Sa voix s'était faite si douce que l'enfant ne put se retenir de lever les yeux. Son tendre petit cœur était visiblement remué de sentiments contradictoires, et comme elle ne savait pas mentir, elle répondit avec une simplicité touchante:

— «C'est que je serai grondée quand je raconterai que nous nous sommes parlé... Maman n'aime pas que je cause comme l'autre soir...»

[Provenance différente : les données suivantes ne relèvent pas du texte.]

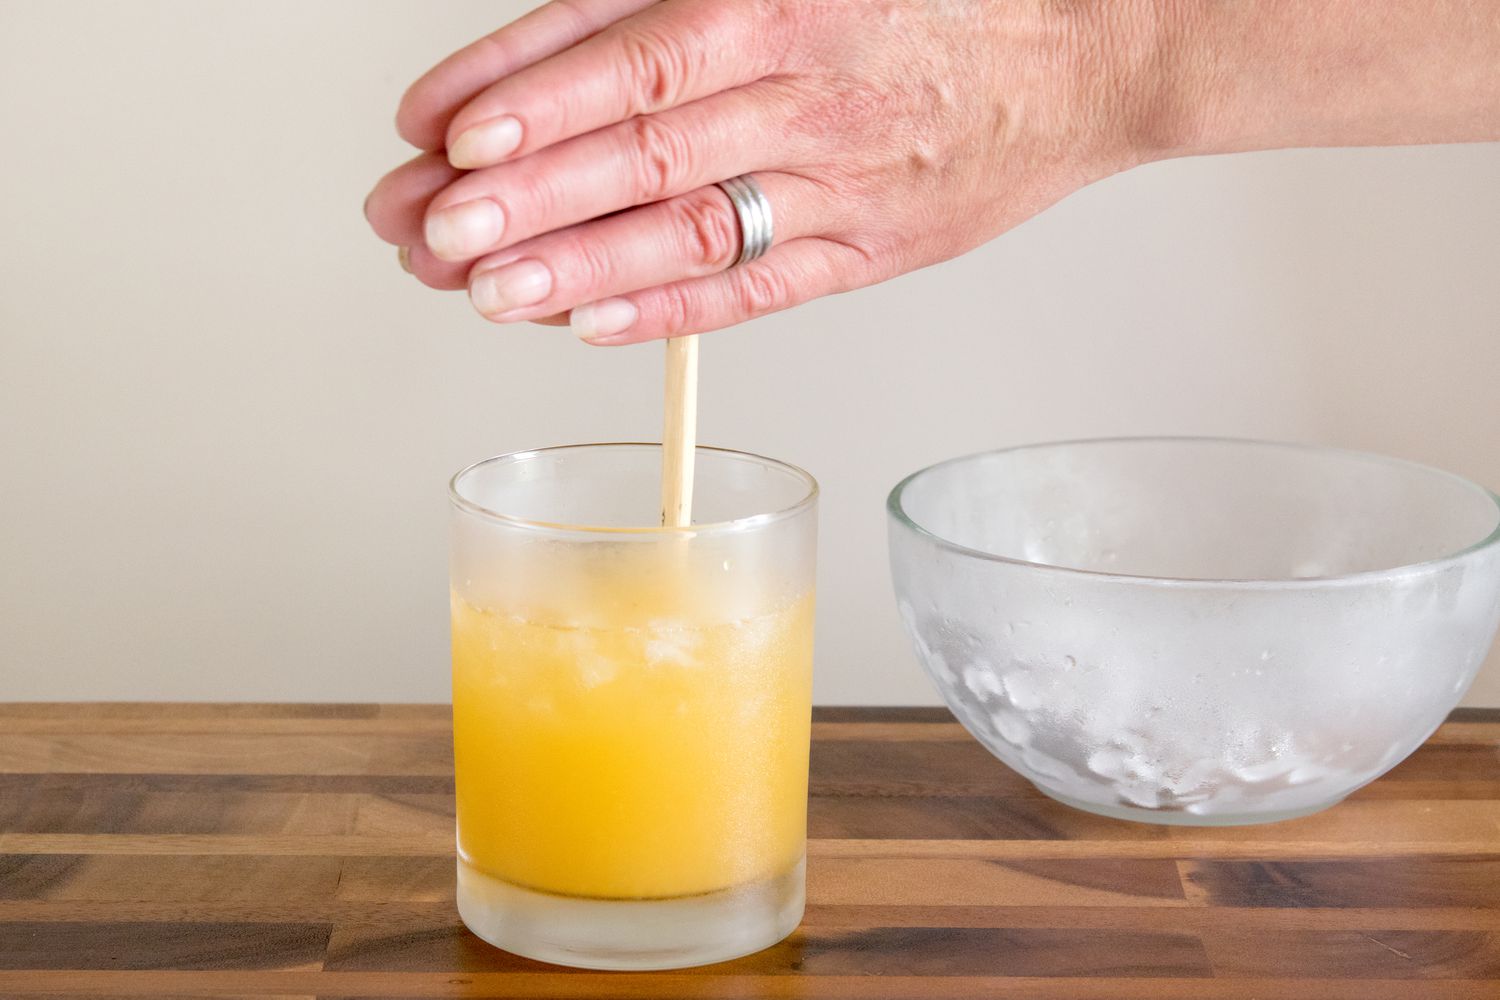 Mixing a Rum Swizzle Cocktail With a Swizzle Stick

— «Hé bien!» dit Henriette, «il faut obéir à votre maman... Adieu!» Elle savait ce qu'elle voulait savoir et elle n'était pas plus avancée! Que Mme Raffraye interdît à sa fille toute familiarité avec des étrangers, quel rapport y avait-il entre cette défense trop naturelle et le départ de Francis? Elle ne se doutait guère qu'elle avait été trop bien servie par son funeste instinct en voulant à tout prix se rapprocher d'Adèle. Elle allait l'apprendre trop tôt. Comme elle faisait mine de s'en aller après avoir répété: «Adieu!» la douce petite lui prit la main comme pour la retenir quelques secondes encore, et elle lui dit avec une insistance câline:

— «Vous êtes fâchée?...»

— «Pas du tout,» répondit Henriette avec «un sourire un peu forcé.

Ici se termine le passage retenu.